“Mutual-fund companies that have agreed to pay $2.5 billion to settle regulators’ allegations that they allowed improper trading that cheated long-term investors are talking with investors’ lawyers about settling the massive private lawsuits that were filed,” writes Tom Lauricella in today’s Wall Street Journal.

“The discussions are preliminary and don’t guarantee an early resolution to the roughly 300 lawsuits against at least 18 fund companies that have been consolidated in federal court in Baltimore. But lawyers for both sides say the talks are on a fast track, speeded by a new twist in the regulatory settlements: Nearly all of the $2.5 billion that the firms agreed to pay so far will go to mutual-fund investors, rather than into government coffers.”

“The large, already-existing pool of money signals to some observers that fund companies might not have to pay big additional sums to resolve the private litigation.”

“In fact, the judge overseeing the mutual-fund shareholder suits, J. Frederick Motz, warned lawyers on both sides not to expect a bonanza from the mutual-fund trading scandal, citing the restitution available under the regulatory settlements. “Nobody should expect to get rich off this case,” he said at the first hearing in the case on April 2.”

“The plaintiffs’ lawyers ‘are going to be more amenable to the idea of settling with the companies for perhaps not very much more additional compensation,’ says Randall Thomas, a law professor at Vanderbilt University, who follows securities litigation. ‘For the companies, it’s a question of “we want to get this over with, out of the newspaper, and stop having our people deposed.” ‘ “

“The talks show how securities litigation can take a very different course in the wake of the Sabanes-Oxley Act of 2002. The law allows the Securities and Exchange Commission to distribute penalties — and not just ill-gotten gains known as ‘disgorgement’ — to injured investors. In the past, such penalties were required to be paid to the U.S. government, even though investors’ losses often far exceeded the amounts paid in disgorgement.”

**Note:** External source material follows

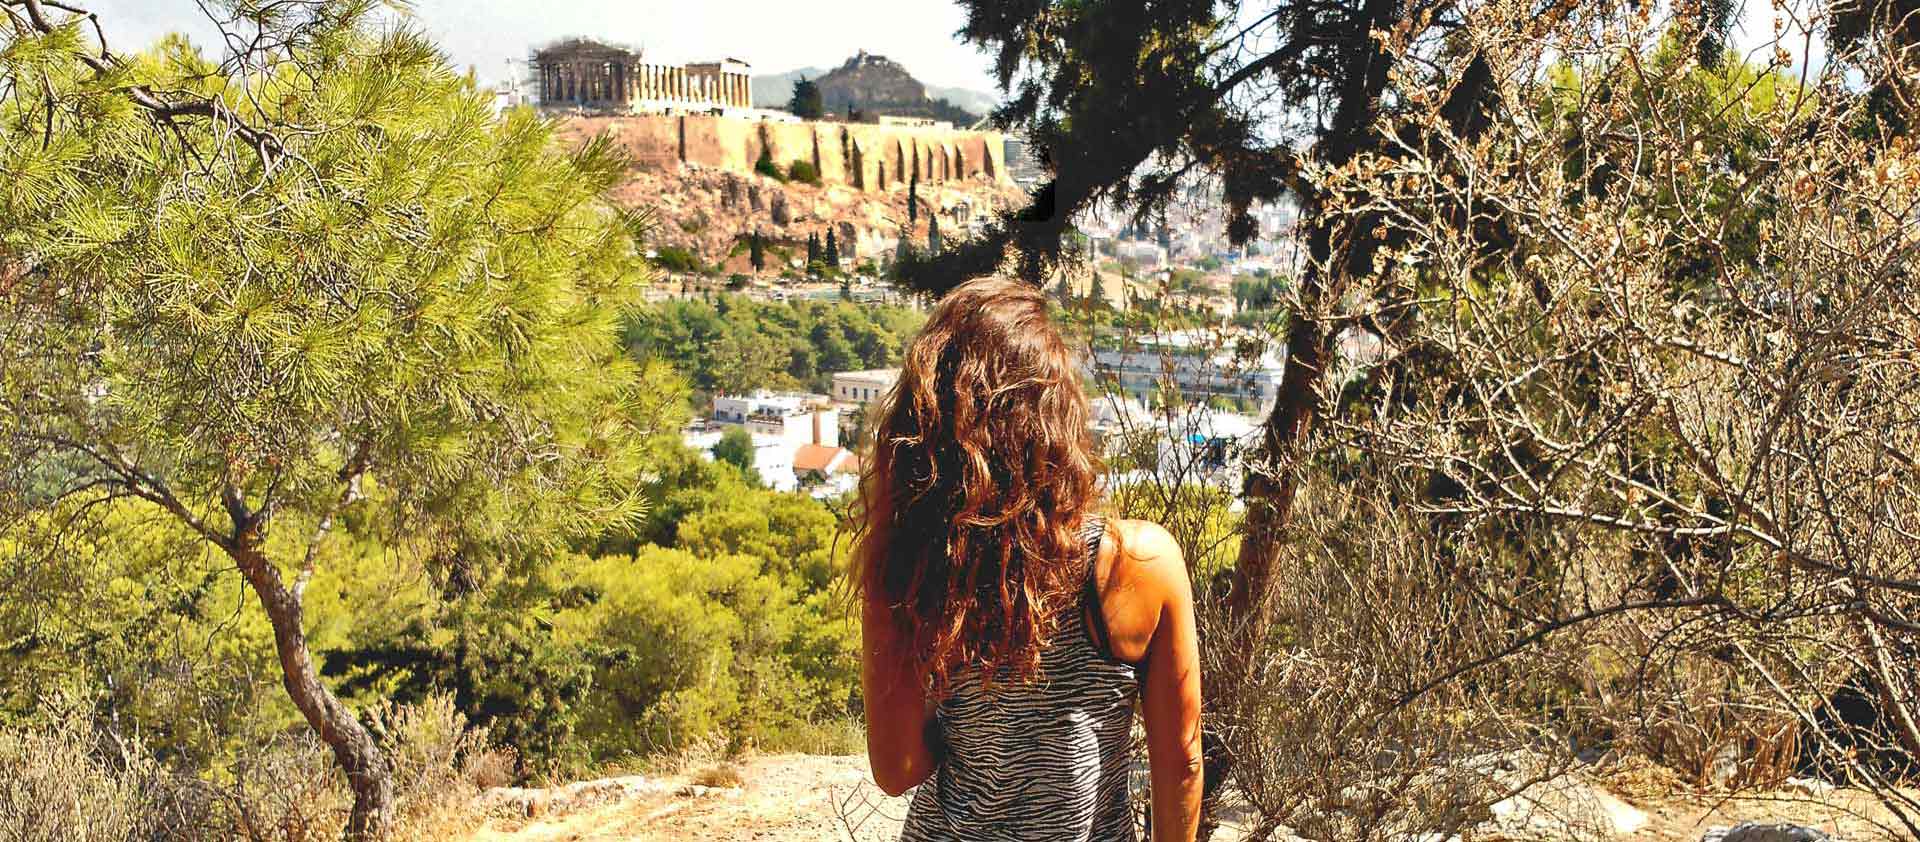 Datos prácticos y actualizados para preparar la visita perfecta a la Acrópolis de Atenas

“Investors in mutual funds managed by the nine companies that have settled with the SEC and state regulators without admitting or denying wrongdoing will receive about $1.6 billion in the form of cash payments and fee rebates. Investors won’t have to prove that they were harmed directly by improper mutual-fund trading but merely that they owned a fund when improper trading took place. An additional $855 million in restitution will come in the form of fee reductions negotiated with New York Attorney General Eliot Spitzer, who kicked off the scandal last fall with allegations that mutual funds allowed favored investors to trade frequently in violation of their own policies and, in some cases, to trade illegally after the 4 p.m. Eastern time close of regular-hours stock trading.”